Extracted material Start Marker

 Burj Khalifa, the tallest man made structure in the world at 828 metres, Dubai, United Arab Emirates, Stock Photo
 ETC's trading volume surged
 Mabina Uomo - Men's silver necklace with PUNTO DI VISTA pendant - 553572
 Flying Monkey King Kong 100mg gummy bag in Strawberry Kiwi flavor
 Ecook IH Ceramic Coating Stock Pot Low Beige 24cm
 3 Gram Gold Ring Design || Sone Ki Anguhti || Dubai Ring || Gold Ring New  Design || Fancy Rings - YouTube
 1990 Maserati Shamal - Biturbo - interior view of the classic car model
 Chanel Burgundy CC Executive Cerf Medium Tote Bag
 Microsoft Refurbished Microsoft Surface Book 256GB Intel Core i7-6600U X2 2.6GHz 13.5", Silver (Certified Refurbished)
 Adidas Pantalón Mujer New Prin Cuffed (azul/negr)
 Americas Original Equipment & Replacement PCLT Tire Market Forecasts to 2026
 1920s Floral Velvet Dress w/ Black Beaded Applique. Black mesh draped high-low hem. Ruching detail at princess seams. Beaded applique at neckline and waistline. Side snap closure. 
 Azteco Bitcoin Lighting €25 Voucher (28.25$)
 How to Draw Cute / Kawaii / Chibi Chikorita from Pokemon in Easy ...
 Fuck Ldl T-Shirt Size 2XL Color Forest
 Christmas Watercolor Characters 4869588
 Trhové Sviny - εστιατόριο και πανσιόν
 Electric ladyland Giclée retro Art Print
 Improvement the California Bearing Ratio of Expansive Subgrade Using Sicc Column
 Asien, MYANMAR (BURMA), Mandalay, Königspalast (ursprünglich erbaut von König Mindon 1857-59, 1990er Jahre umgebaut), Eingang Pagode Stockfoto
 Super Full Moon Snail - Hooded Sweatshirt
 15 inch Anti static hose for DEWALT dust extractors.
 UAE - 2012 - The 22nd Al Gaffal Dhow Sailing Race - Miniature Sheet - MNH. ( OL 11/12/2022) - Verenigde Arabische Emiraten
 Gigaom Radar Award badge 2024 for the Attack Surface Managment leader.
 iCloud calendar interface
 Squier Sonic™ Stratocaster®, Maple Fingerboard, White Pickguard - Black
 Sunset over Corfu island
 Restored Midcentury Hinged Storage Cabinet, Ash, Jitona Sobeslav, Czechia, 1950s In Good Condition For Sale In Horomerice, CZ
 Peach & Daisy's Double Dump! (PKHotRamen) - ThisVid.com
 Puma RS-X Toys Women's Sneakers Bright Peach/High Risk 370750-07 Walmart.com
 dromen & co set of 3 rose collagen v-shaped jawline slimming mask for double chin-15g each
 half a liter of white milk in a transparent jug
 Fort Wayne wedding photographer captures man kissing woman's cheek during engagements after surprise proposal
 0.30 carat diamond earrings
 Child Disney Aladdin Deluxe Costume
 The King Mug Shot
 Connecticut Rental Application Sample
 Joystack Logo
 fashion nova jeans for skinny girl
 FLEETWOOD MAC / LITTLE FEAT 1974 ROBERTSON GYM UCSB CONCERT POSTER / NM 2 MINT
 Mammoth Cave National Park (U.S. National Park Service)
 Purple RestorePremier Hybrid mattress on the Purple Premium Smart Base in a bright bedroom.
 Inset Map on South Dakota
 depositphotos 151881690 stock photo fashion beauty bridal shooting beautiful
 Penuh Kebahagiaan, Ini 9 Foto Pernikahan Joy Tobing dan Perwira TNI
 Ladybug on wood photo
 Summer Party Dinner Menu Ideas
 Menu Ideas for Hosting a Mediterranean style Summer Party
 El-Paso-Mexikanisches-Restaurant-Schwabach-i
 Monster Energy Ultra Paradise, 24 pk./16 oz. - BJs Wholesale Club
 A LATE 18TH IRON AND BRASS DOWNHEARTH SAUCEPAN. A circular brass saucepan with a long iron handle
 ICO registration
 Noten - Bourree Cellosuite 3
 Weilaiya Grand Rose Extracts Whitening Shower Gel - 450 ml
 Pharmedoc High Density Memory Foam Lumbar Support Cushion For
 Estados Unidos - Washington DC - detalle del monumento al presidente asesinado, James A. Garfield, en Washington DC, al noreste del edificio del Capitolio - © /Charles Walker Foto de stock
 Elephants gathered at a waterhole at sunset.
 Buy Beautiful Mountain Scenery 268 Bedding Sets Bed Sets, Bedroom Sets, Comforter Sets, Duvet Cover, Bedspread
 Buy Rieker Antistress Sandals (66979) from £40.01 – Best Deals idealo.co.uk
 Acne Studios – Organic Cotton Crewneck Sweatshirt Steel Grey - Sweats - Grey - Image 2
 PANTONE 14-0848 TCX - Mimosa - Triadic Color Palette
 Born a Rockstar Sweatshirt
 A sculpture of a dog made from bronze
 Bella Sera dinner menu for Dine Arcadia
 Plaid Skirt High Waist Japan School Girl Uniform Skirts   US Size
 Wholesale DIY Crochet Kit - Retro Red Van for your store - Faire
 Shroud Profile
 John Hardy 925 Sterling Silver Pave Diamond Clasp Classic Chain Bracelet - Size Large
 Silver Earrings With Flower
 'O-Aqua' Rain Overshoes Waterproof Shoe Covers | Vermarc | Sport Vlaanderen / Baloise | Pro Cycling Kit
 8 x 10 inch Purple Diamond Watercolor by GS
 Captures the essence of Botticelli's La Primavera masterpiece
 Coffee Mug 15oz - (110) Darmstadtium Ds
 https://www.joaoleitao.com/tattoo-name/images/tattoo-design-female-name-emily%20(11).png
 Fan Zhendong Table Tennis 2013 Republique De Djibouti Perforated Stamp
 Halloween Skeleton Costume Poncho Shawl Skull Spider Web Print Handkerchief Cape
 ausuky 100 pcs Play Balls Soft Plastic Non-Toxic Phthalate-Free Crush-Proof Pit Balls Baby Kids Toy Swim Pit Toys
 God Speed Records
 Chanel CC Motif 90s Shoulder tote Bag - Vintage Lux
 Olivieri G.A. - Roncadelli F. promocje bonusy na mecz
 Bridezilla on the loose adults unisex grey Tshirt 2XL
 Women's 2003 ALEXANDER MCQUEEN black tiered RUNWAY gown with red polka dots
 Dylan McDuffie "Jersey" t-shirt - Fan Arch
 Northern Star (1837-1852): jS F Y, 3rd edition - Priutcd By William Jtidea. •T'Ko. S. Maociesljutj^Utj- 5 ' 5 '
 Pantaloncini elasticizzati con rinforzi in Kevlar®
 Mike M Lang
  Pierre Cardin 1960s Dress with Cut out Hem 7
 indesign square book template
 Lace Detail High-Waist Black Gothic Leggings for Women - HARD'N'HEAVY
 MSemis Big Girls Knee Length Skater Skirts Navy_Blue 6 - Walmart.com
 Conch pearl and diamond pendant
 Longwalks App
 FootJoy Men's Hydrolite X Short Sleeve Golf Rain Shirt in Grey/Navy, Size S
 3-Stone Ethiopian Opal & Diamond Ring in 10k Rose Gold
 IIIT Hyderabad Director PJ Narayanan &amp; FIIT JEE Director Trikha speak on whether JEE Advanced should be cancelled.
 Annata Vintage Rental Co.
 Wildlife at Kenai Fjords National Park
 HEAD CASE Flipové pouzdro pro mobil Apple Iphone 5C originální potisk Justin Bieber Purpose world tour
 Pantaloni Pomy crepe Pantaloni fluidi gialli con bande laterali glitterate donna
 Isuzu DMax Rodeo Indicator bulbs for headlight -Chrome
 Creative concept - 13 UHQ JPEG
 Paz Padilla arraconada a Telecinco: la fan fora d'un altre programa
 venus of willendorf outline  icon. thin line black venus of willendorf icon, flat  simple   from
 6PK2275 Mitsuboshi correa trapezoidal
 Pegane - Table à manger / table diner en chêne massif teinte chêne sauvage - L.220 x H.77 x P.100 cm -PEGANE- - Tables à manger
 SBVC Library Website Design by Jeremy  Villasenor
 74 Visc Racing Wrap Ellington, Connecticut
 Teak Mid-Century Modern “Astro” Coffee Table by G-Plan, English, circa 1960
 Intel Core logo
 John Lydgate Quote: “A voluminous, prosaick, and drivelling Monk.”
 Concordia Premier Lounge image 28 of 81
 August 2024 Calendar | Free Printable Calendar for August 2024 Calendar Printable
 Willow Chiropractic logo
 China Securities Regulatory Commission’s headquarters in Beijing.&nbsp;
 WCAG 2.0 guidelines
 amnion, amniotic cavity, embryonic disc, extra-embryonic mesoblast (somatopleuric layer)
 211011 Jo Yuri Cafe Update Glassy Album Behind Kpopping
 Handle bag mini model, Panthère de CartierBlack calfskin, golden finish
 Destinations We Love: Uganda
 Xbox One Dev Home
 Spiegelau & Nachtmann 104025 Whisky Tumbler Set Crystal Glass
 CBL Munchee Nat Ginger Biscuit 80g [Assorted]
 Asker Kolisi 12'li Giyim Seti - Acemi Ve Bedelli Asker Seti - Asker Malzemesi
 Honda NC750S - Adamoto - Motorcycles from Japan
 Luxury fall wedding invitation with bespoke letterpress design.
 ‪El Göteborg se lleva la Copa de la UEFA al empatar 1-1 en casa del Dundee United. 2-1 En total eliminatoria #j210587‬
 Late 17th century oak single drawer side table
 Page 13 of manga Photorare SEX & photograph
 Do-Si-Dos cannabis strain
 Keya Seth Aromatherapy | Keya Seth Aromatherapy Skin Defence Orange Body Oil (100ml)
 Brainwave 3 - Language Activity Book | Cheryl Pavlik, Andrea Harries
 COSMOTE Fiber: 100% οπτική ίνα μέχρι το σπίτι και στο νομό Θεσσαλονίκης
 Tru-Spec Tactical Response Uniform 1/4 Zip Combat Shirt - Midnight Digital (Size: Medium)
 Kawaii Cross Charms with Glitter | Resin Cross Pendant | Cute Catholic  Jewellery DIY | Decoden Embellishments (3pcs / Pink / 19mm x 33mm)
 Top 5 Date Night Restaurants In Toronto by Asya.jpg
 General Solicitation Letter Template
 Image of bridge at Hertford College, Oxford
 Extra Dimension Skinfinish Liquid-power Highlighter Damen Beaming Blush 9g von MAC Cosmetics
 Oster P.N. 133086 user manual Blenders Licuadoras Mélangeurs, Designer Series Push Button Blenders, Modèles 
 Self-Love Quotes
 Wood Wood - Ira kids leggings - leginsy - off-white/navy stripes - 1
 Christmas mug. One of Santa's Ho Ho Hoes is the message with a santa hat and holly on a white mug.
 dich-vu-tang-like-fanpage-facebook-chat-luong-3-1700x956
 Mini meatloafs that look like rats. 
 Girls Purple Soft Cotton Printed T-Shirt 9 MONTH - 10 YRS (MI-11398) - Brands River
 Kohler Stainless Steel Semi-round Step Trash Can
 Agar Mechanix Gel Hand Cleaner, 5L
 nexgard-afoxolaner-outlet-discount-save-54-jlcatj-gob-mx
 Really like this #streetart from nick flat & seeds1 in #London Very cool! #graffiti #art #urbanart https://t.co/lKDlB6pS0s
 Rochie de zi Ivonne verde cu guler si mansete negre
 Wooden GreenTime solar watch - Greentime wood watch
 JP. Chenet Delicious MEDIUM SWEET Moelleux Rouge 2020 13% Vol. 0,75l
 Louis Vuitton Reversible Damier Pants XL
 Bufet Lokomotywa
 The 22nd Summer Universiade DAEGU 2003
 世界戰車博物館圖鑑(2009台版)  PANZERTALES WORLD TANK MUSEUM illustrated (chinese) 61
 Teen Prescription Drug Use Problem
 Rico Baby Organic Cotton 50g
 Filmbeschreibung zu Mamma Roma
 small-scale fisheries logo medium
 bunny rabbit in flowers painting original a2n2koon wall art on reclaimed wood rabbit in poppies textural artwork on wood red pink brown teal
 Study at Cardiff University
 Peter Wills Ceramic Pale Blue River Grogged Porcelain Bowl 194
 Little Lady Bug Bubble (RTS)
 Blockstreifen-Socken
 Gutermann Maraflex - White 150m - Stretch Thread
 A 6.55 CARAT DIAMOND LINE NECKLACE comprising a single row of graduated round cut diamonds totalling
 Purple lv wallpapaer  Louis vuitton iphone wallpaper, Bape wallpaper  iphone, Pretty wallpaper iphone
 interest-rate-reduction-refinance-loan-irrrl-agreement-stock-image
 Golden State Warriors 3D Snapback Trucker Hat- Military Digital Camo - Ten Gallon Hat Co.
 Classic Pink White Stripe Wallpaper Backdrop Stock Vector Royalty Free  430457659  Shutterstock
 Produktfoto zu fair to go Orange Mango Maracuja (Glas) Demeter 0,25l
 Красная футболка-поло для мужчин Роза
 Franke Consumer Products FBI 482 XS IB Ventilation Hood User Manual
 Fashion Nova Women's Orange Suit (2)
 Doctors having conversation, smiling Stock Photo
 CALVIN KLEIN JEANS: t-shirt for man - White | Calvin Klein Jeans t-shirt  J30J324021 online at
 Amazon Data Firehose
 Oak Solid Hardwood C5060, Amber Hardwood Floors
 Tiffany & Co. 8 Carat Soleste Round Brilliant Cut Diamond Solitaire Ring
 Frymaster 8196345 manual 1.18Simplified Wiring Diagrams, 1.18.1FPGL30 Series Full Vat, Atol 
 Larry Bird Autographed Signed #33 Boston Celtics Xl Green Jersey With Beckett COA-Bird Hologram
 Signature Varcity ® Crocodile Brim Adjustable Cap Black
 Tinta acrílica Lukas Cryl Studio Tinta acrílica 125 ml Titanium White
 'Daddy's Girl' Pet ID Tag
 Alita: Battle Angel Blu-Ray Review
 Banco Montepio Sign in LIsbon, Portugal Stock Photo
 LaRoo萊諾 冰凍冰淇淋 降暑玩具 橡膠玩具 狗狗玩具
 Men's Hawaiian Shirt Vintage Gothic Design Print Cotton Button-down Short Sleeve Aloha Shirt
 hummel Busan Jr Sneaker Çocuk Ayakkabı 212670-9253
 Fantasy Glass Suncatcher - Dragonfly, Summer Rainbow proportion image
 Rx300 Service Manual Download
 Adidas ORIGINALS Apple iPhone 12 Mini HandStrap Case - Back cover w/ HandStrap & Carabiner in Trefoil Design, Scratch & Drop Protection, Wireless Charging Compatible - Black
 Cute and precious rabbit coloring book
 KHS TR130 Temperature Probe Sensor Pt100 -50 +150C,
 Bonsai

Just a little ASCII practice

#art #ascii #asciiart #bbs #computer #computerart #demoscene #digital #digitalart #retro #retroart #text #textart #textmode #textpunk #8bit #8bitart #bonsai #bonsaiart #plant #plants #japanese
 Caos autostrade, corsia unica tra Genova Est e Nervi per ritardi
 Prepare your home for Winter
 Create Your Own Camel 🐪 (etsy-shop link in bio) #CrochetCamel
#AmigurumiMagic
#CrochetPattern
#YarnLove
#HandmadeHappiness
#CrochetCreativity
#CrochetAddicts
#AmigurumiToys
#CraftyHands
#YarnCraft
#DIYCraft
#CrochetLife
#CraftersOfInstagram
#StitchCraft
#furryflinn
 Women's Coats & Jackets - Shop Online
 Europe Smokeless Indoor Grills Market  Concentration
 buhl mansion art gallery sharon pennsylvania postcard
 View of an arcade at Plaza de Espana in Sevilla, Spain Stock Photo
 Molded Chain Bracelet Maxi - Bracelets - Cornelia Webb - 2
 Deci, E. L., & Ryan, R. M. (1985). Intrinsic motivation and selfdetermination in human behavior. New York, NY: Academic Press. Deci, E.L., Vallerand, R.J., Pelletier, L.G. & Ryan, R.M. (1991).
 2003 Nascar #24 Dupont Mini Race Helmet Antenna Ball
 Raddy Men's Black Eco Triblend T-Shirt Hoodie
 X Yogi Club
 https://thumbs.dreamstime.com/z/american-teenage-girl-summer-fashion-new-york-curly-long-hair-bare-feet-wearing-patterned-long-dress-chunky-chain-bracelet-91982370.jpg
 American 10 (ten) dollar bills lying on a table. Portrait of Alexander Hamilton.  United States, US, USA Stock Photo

Extracted material End Marker

• [Task goal]: Each line in the records above with "Surface" must be returned.

• [Exercise response]:
 Microsoft Refurbished Microsoft Surface Book 256GB Intel Core i7-6600U X2 2.6GHz 13.5", Silver (Certified Refurbished)
 Gigaom Radar Award badge 2024 for the Attack Surface Managment leader.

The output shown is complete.